▶ [Your task]:
Repeat the data that follows, word for word, without the images.

▶ [Dataset content]:

== Segment start ==

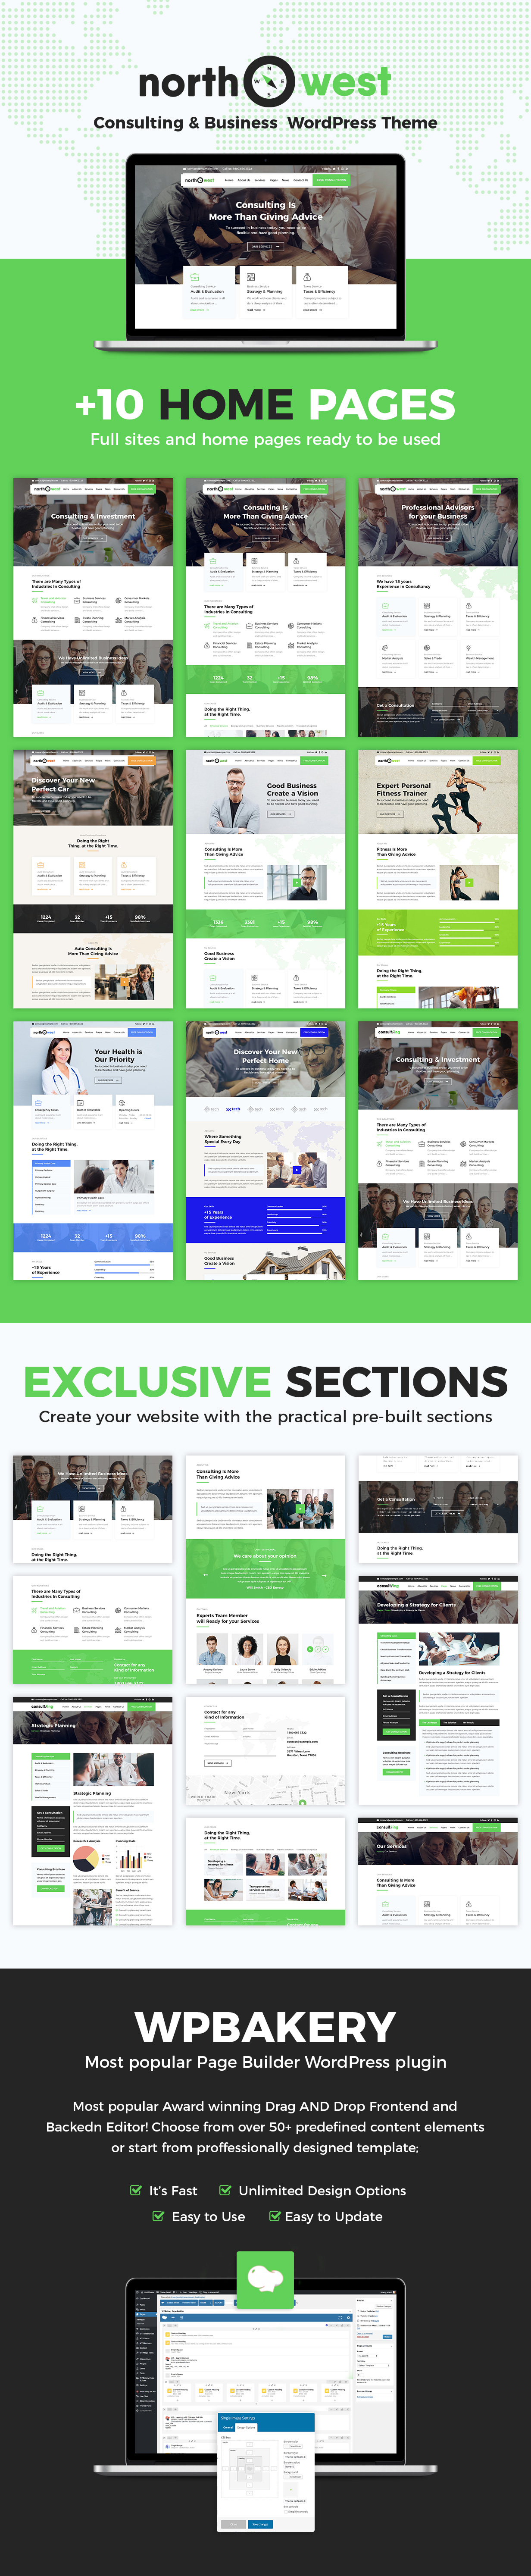 Northwest - Consulting WordPress Theme - 1
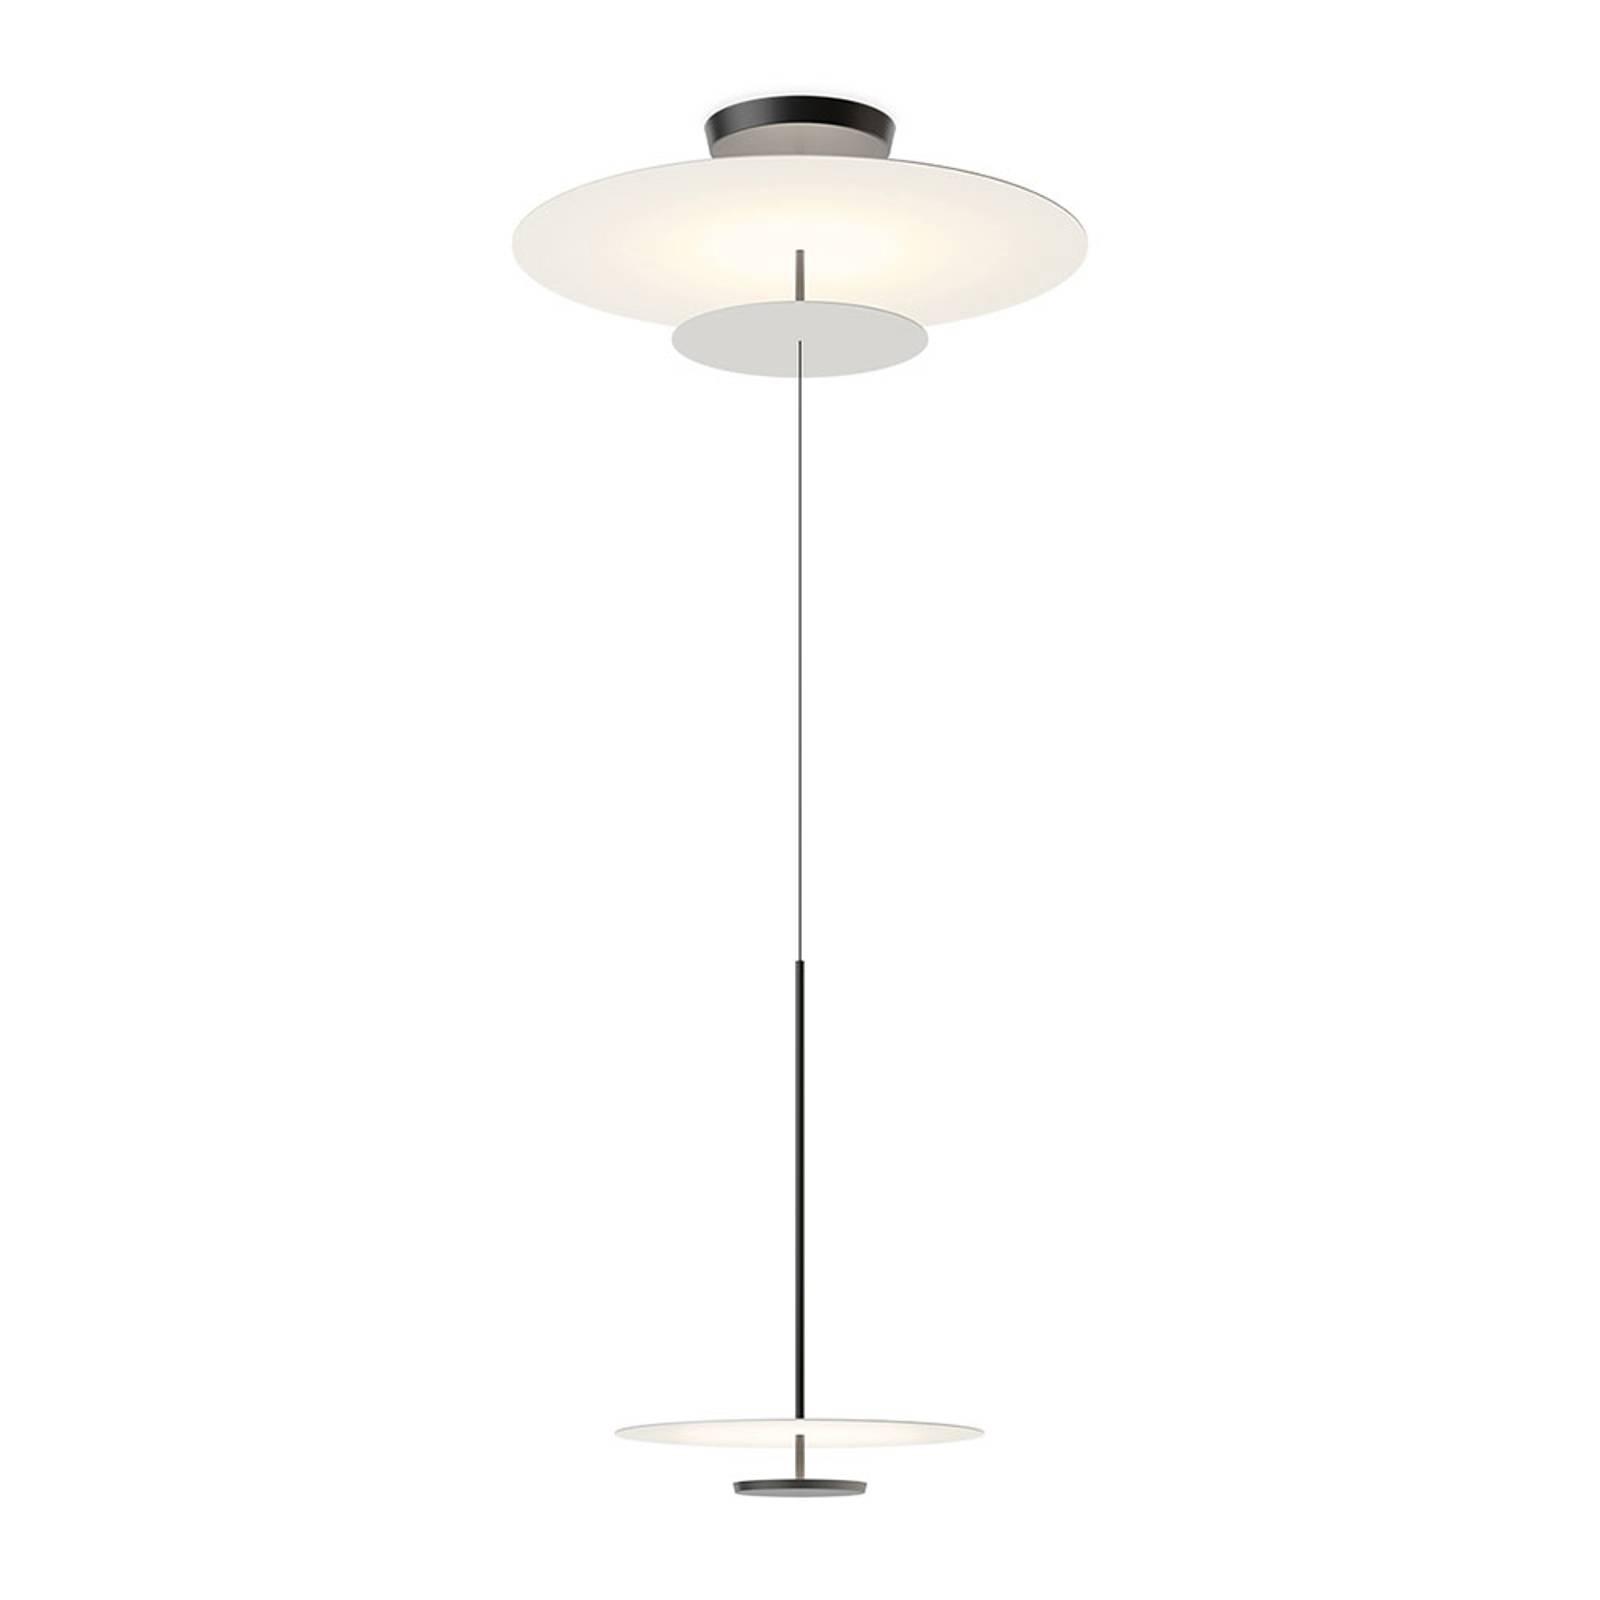 Vibia Flat -LED-riippuvalo Ø 90 cm harmaa L1
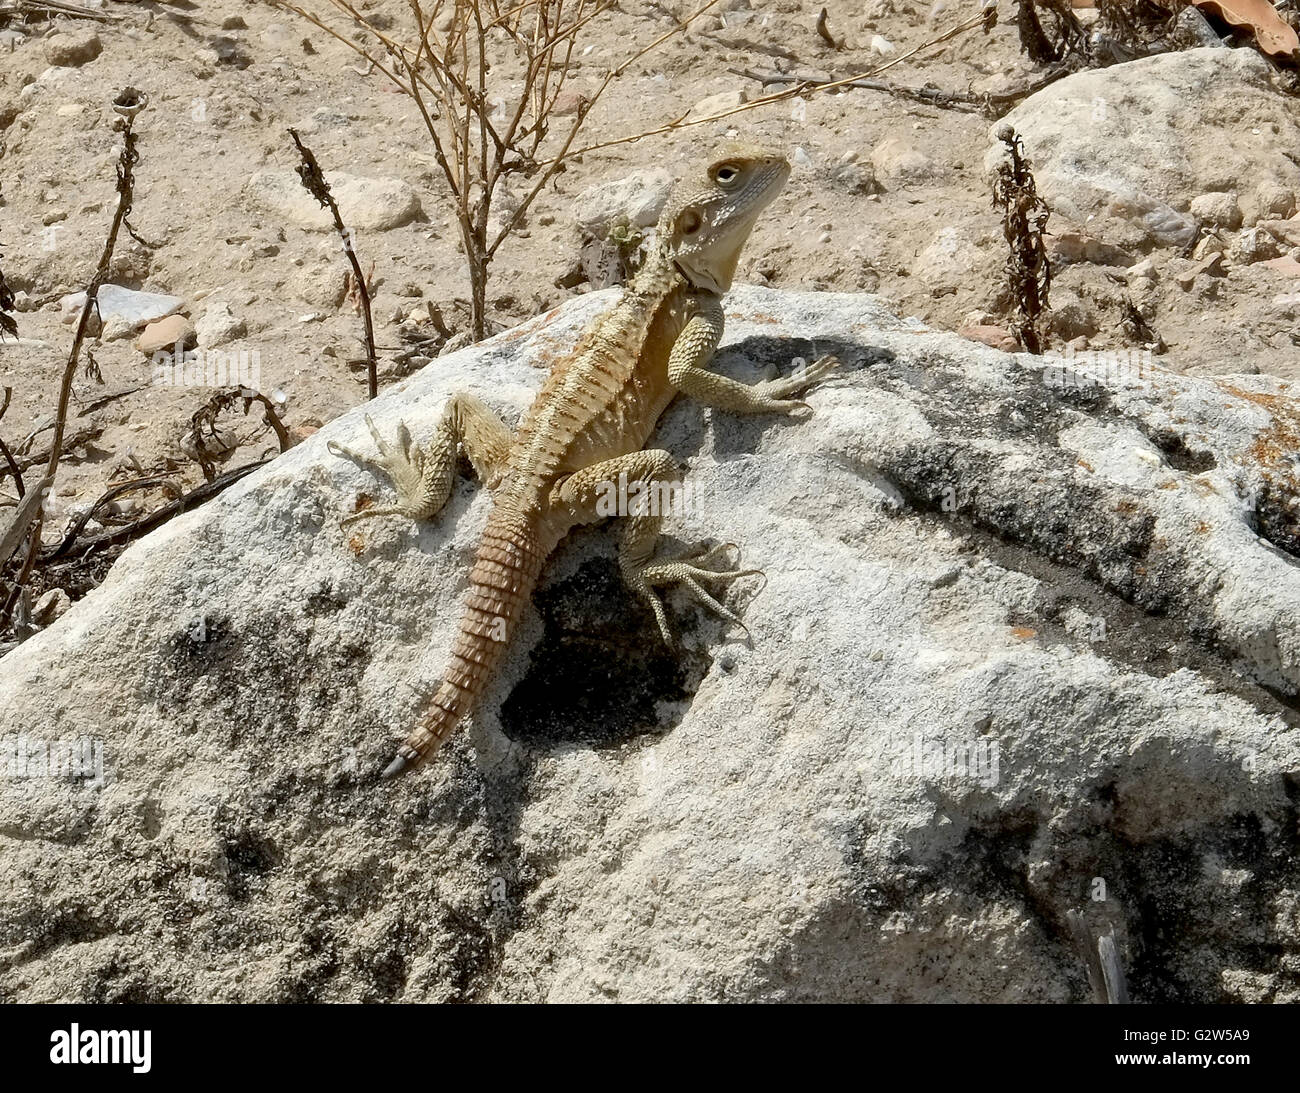 Gecko Lizard (infraorder Gekkota) on a rock,  Salamis, Famagusta, (Gazimagusa),  Northern Cyprus. - Stock Image

== Segment end ==

▶ [Task solution]:
 Northwest - Consulting WordPress Theme - 1
 Vibia Flat -LED-riippuvalo Ø 90 cm harmaa L1
 Gecko Lizard (infraorder Gekkota) on a rock,  Salamis, Famagusta, (Gazimagusa),  Northern Cyprus. - Stock Image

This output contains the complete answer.